Reprinted from the Hoosier Times.

Afghanistan remains the world's largest producer of opium poppy despite efforts by the war-battered country to stop trade and cultivation of the crop that is used to make heroin, the U.N. drug agency said Monday in a new report.

Opium grew more profitable in 2002 than in the last years of Taliban rule in spite of efforts by the government of President Hamid Karzai and international workers to stamp out production and sales, the Vienna-based U.N. Office on Drugs and Crime said.

Afghanistan's opium production was 3,750 tons in 2002, more than 15 times that of 1979, when the Soviets invaded. Production hit a peak in 1996 at nearly 5,070 tons of opium.
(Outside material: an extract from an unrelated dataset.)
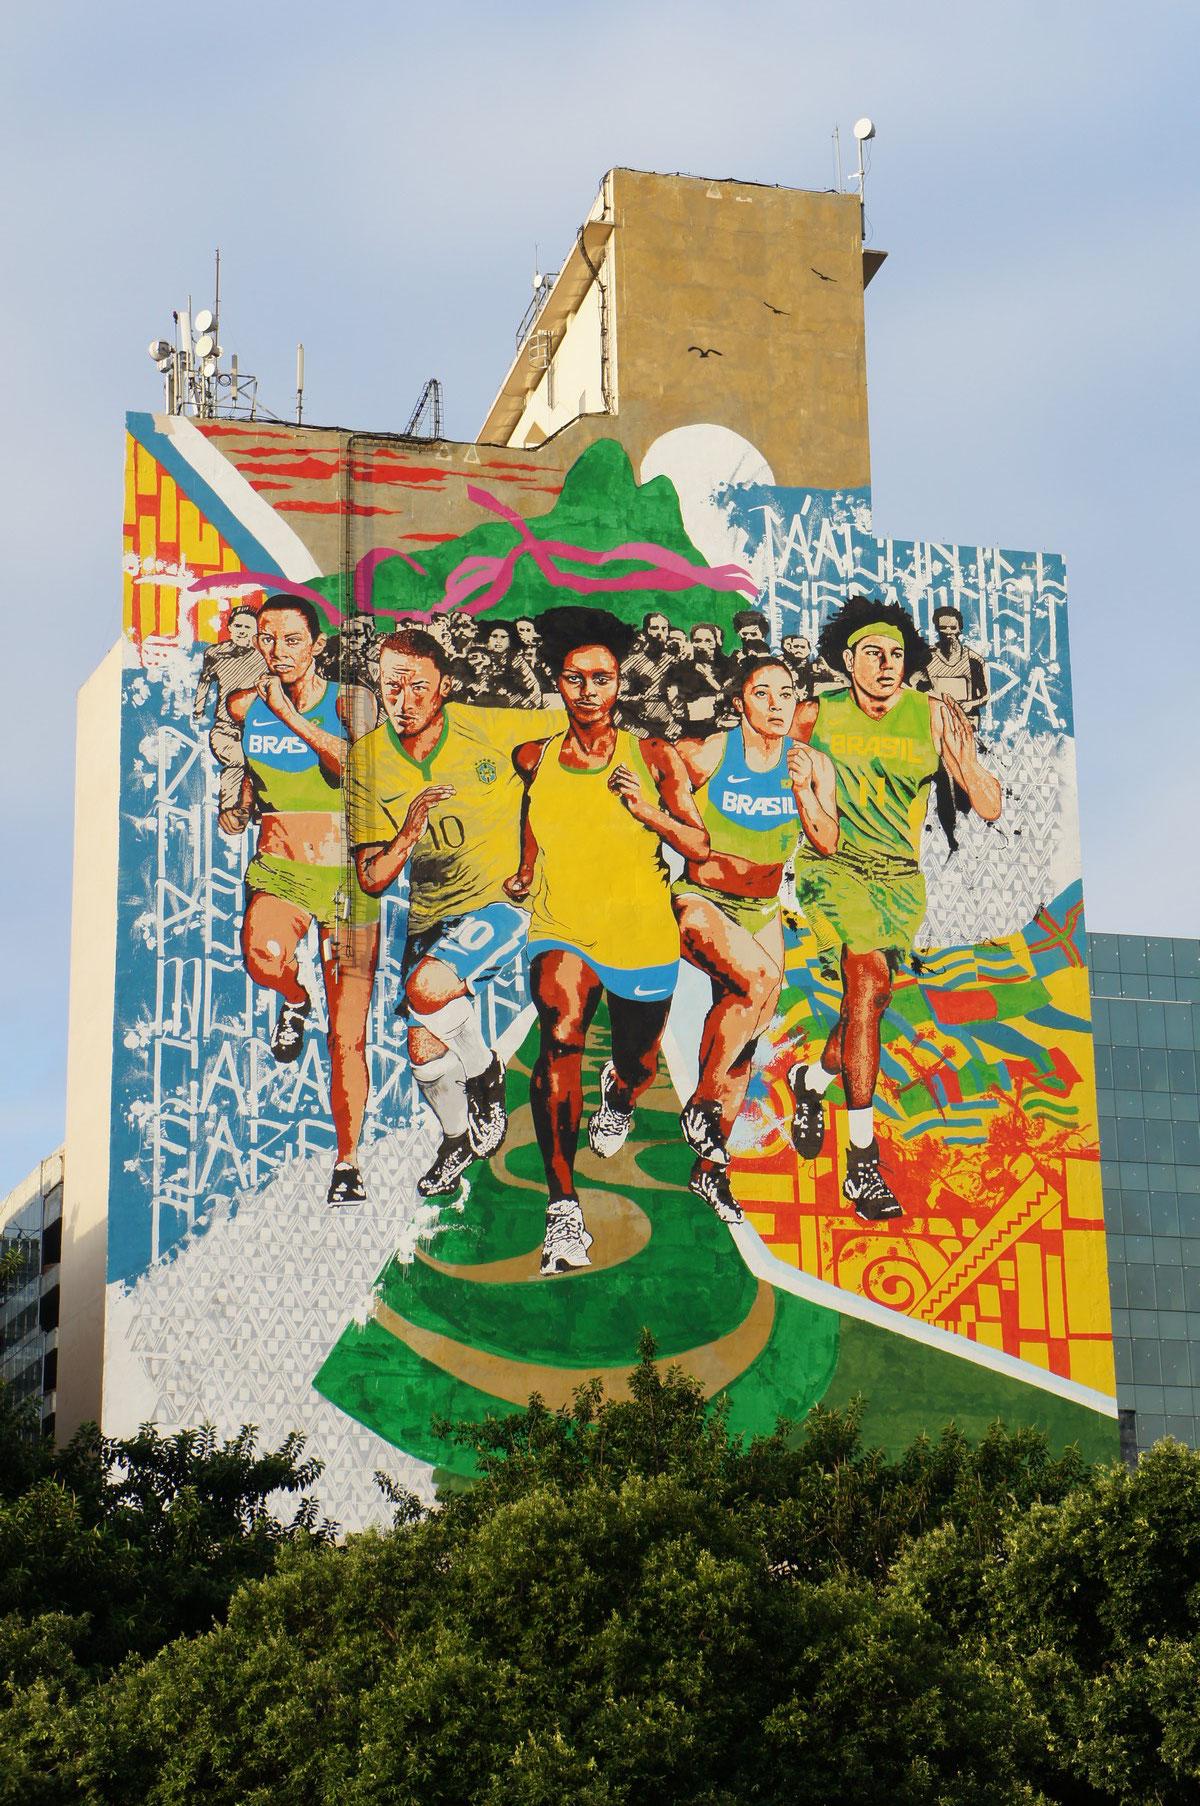 Belle fresque en ville

Production fell to almost insignificant levels in 2001 following a Taliban-imposed ban on cultivation. Trade was still legal, however, leading to speculation that the move was intended to increase the price of opium poppy. Prices jumped tenfold following the ban.

From 1994 to 2000, opium brought in about $150 million per year — or $750 per family involved in its production. By 2002, gross income had risen to $1.2 billion — or $6,500 per family, the report said.

Although much of that cash ends up in the hands of smugglers and warlords, the amounts are dizzying in a country where the average wage does not exceed $2 per day.

Only a handful of legal crops, such as truffles at $365 per pound, are more profitable than opium, it said.

Noting that poppy is produced with the cheap labor of women, children and refugees, the U.N. office urged authorities to create more jobs for women and provide better education to children, especially girls.

"The opium economy of Afghanistan is an intensely complex phenomenon," said Antonio Maria Costa, director of the U.N. drug office. "Spawned after decades of civil and military strife, it has chained a poor rural population — farmers, landless labor, small traders, women and children — to the mercy of domestic warlords and international crime syndicates."